Virginia Mason Medical Center

***

This study examined the outcome of a new neurostimulation device designed for restorative episodic contraction of the lumbar multifidus for treatment of chronic mechanical low back pain for the treatment of low back pain. The study is showed modest but clinically significant treatment outcomes. For low back pain, there have been proposed numerous treatments in the literature, which describe variable outcomes. Among these, there are facet joint blocks, sacroiliac joint blocks, various denervation techniques, various methods of treatment for discogenic pain, subcutaneous stimulation, spinal cord stimulation (in some instances), not to mention various medical, physiotherapeutic and psychotherapeutic or behavioral approaches.

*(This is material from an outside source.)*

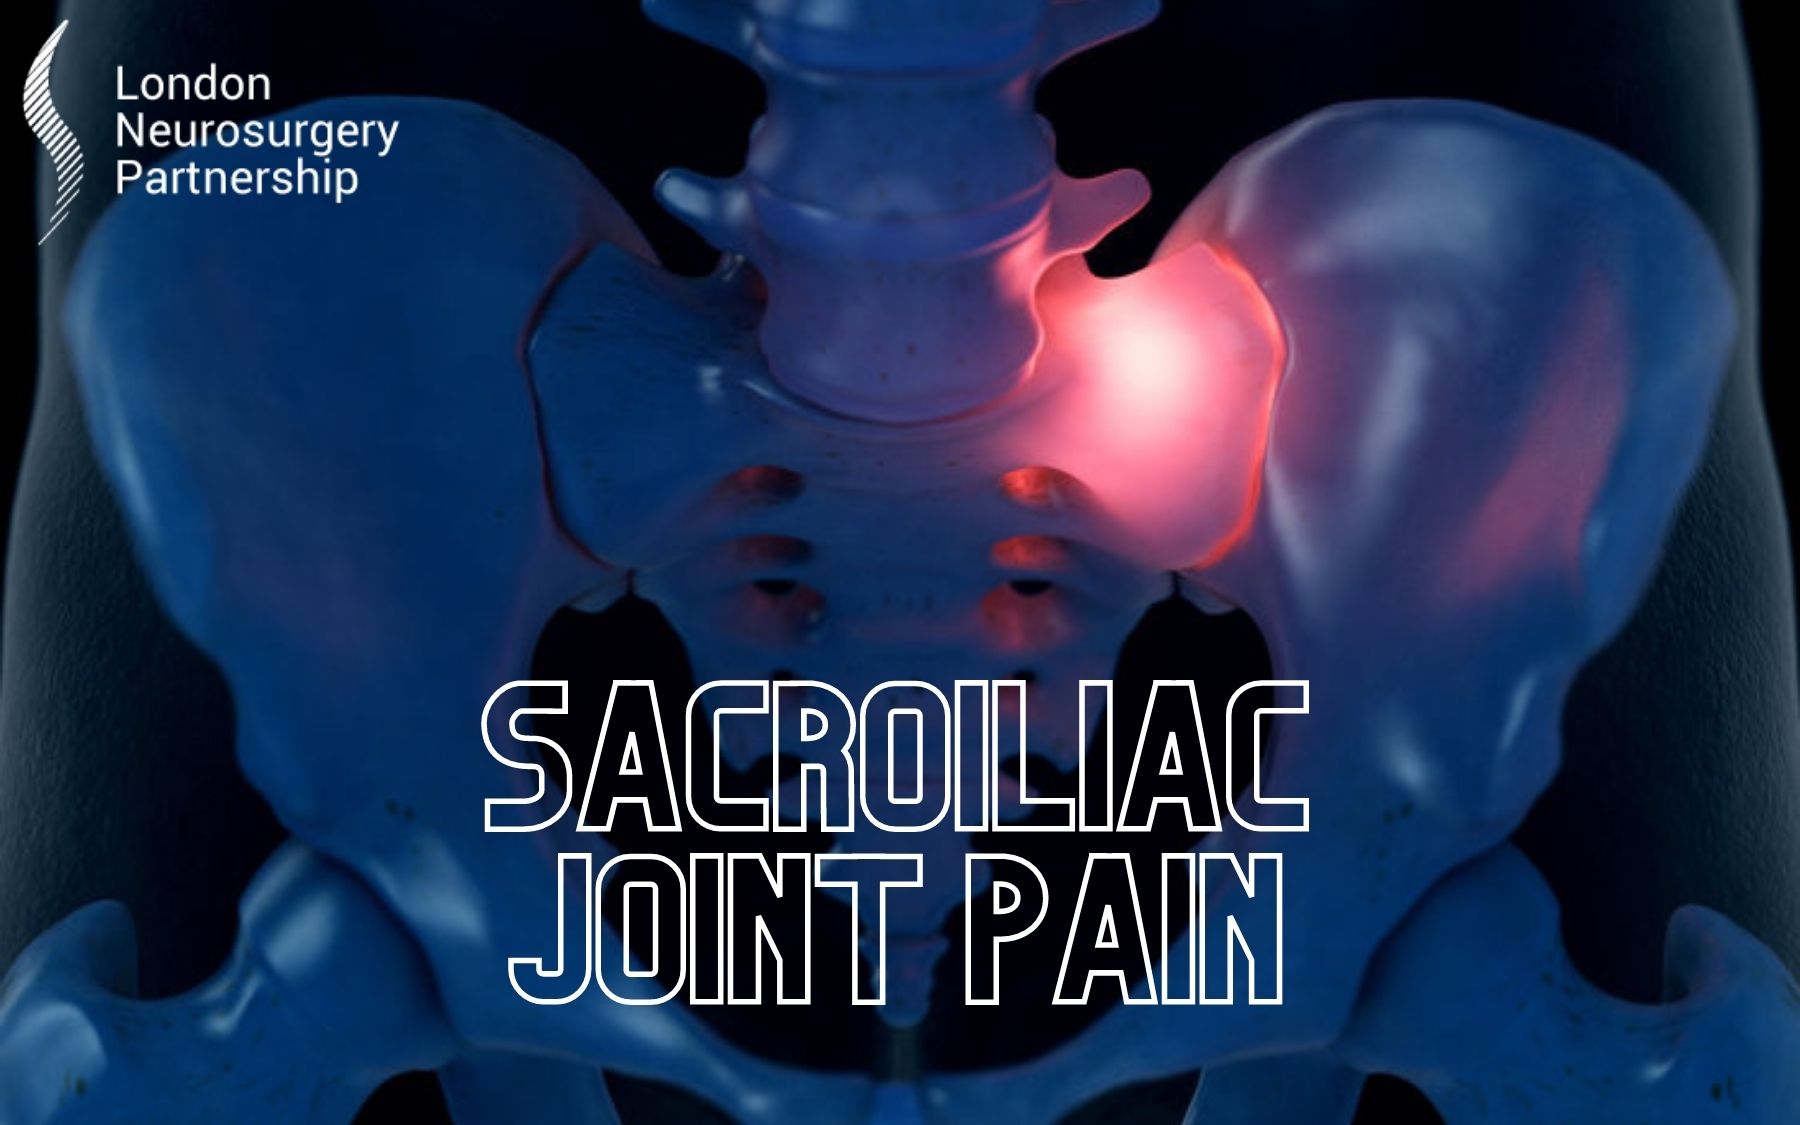 Sacroiliac Joint Pain London Neurosurgery Partnership Spine Neurosurgery

However, a significant socioeconomic low back pain problem for Western societies still remains. Thus, new concepts for low back pain treatment are urgently needed. I am curious to see, where exactly in the treatment algorithm of low back pain this new treatment option will find its place on the long run.

Tilman Wolter

Freiburg

***

As any of the 10 million angina suffers can opine, muscle pain is debilitating. Rarely treated by pain interventionalists, likely do to lack of understanding as well as limited and often inefficacious treatment options, skeletal muscle pain generates significant disability. There exists increasing evidence that inappropriate or imbalanced muscle firing patterns may contribute to significant morbidity, this commonly seen in syndromes such as patellar‐femoral syndromes, and shoulder impingement syndromes. Chronic nonspecific low back pain may be a very similar animal. CNSLBP is ubiquitous, challenging to treat, a great medical‐economic drain on the economy, and remains without definitive or even significantly effective treatment. This, as once of the first forays into direct neuromuscular electrical stimulation shows great promise. Particularly exciting, this approach is extra‐spinal and thus conveys much reduced risk than traditional spinal cord stimulation, can be easily performed by nearly all implanters, and with already developed, improved techniques we will likely see a reduction in lead fracture and migration. Patient selection will of course improve outcomes as well. We await the forthcoming controlled study.. Well done!!

W. Porter McRoberts

Fort Lauderdale, FL, USA

***

This therapy addresses the subset of the patient population with chronic low back pain who are not good candidates for SCS and surgery. In my opinion, the one year data is promising. There is a concern about the high rate of device related AEs, but the authors have acknowledged it and are working to decrease the incidence of device related AEs.

Mayank Gupta

Anesthesiology Professionals, Pain Management

Comments not included in the Early View version of this paper.